WORDS FROM W.W. March 31, 2014
About a week ago our local newspaper ran two different columns from the sports editors in response to a letter from a young girl who was inquiring about the level of God’s interest in sports.
The writers gave some excellent examples in the affirmative to the question. God does care about sports…just not as much as we do! God does love sports…just not as much as some people who wear spikes on their shoulders, paint their faces black, and wear Raider jerseys.
Sports has an important role in our culture, but sports sometimes becomes our culture. The lines get blurred on what is healthy and what is fanaticism. When lines get blurred the weird and unthinkable starts sneaking in the back door that has been propped open. People start bulking up, but bulking up isn’t good enough! Sometimes steroids and other “Miracle-Gro” hormones get added to the equation to give the athlete an advantage for now…and consequences later.
Sports has replaced the Sunday Worship Service, ironically, as what is worshiped. People will go to a Saturday night service so they can watch the Sunday afternoon Broncos’ game…or just not go to church at all!
Once again, ironically, as a Baptist pastor I must applaud the Mormons. Last weekend the BYU women’s basketball team was playing a Sweet Sixteen game against undefeated Connecticut. The Cougars hung tough, but lost to the undefeated Huskies. But long before that game was played it had been determined that if BYU would not play a game on Sunday, March 30.
Wait a minute! This is the NCAA…March Madness…hoops hysteria!
The Mormons would not let sports shape what they firmly believe in. I find that level of commitment a bit lower in Protestantland and the Catholic culture.
God cares about sports. He cares about people realizing their potential and purpose. Shooting a long jumper with a fluid stroke that more times than not results in the “tickling of the twine” is a gift, but it often gets confused with purpose. God’s purpose for our life…I pray…is more than how well I can flick my wrist in the releasing of a basketball.
God cares about sports and the positives they can teach…the work ethic…the incredible learnings from being part of a team…the friendships…the physical development as a result of getting in shape.

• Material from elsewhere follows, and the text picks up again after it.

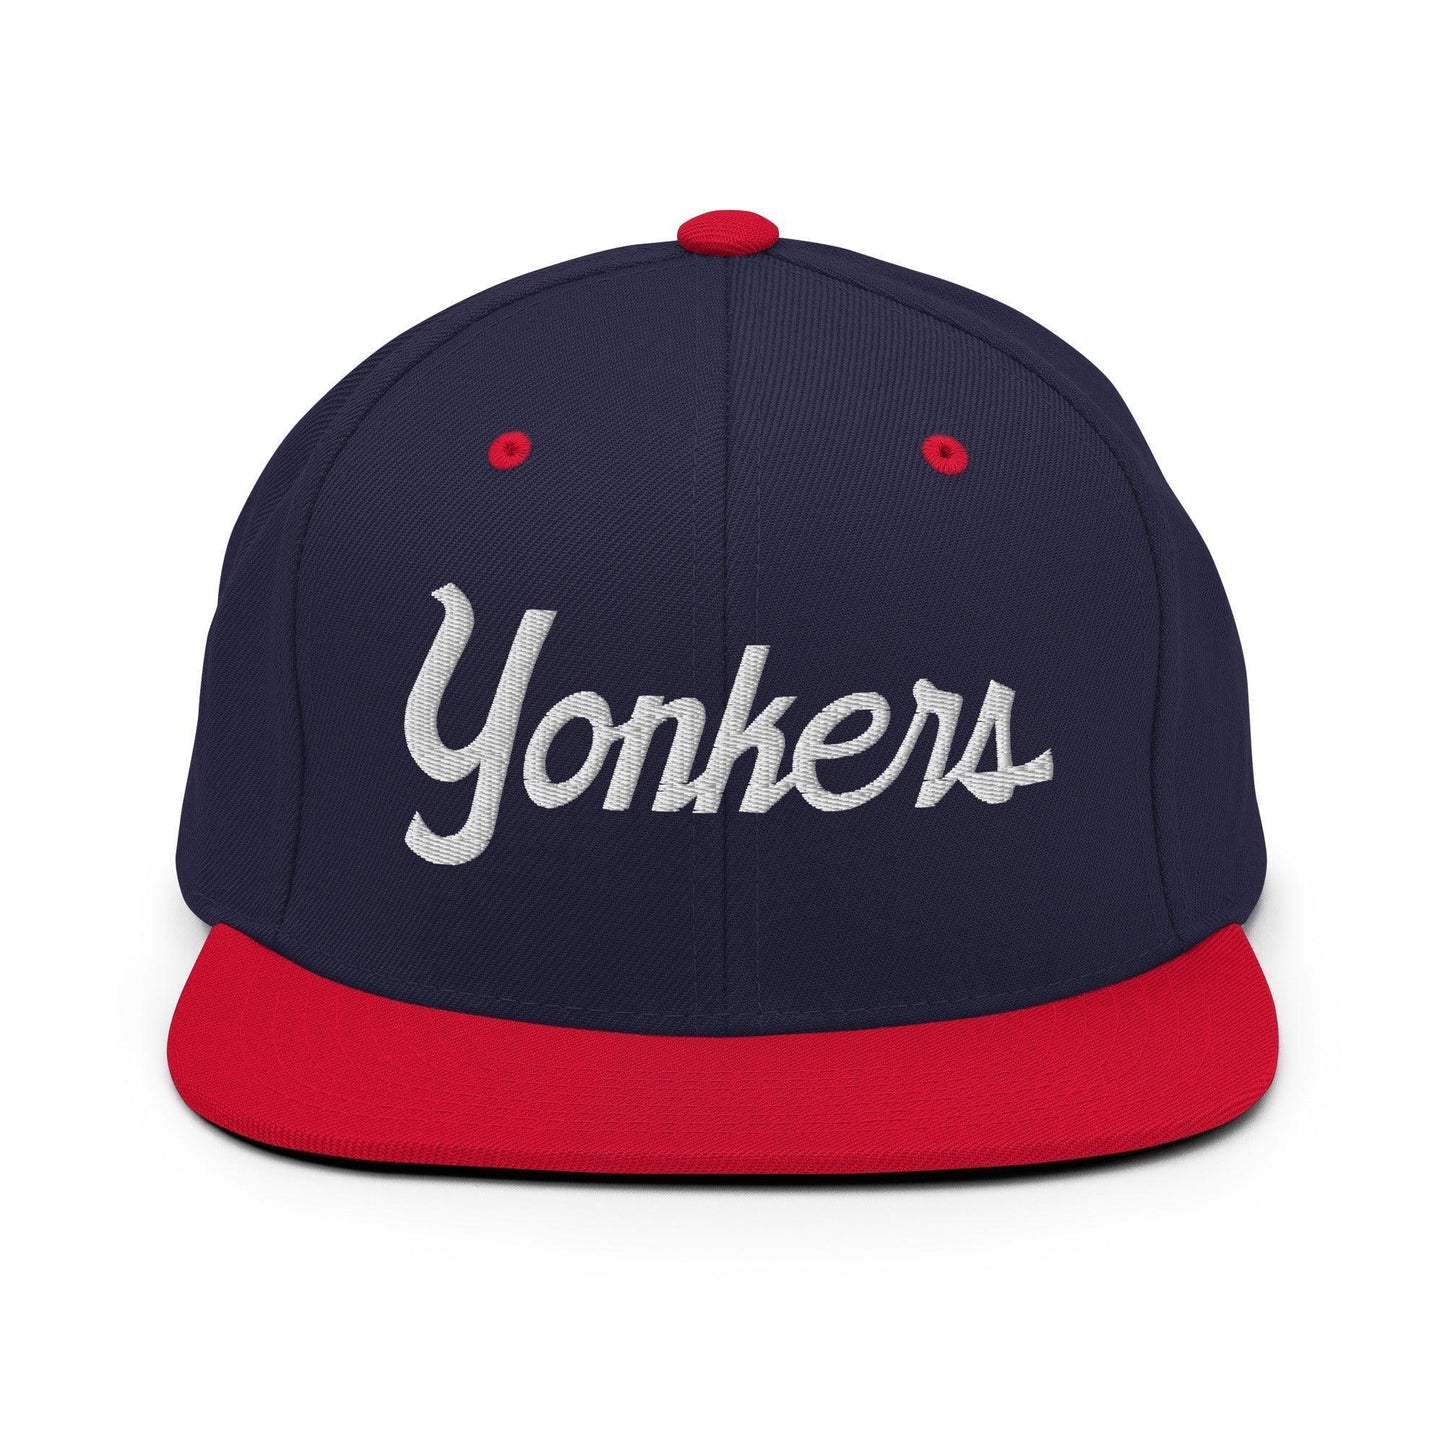 Yonkers Script Snapback Hat Navy/ Red

He cares about the opportunities that sports can bring into a world that aches with disappointments and negative diagnoses. If it hadn’t been for sports Michigan State’s Adreian Payne would not have met an eight year old girl named Lacey who had been battling cancer. Sports, namely being a 6’10” center on the Michigan State basketball team, was the avenue that brought him into Lacey’s hospital room at Sparrow Hospital in Lansing, Michigan.
But it was a little girl’s battling for her life that brought perspective into Adreian’s life.
God cares about sports, and he also cares about whether or not we can keep a healthy perspective on things that are temporal and things that are permanent.
I still love shooting the long jump shot, although my knees seem to be protesting it more and more, but more than that, I love coaching basketball and being used to have a positive impact on young people’s lives.
God cares more about my impact on the younger generation than he does about how sweet the rotation on the basketball looks as I shoot it towards the basket.
The guy who mentored me in coaching, Don Fackler, brought that perspective to me. Don had a sweet outside shot, and if I was guarding him down low he would make me pay by scoring and also sliming me with his perspiration. He sweat more than anybody I knew! But his impact on how I coach now is seen in many ways. I never used the word “discombobulated” until I met Don Fackler.
At his funeral some twelve years ago now the aisles of First United Methodist Church in Mason, Michigan were filled with his former players…young men and women who had been impacted by him. Young men and women who were now raising their own children, or pursuing their college degree, or making a positive impact wherever they now lived.
I think that’s why God cares about sports, and that’s why I also care about sports.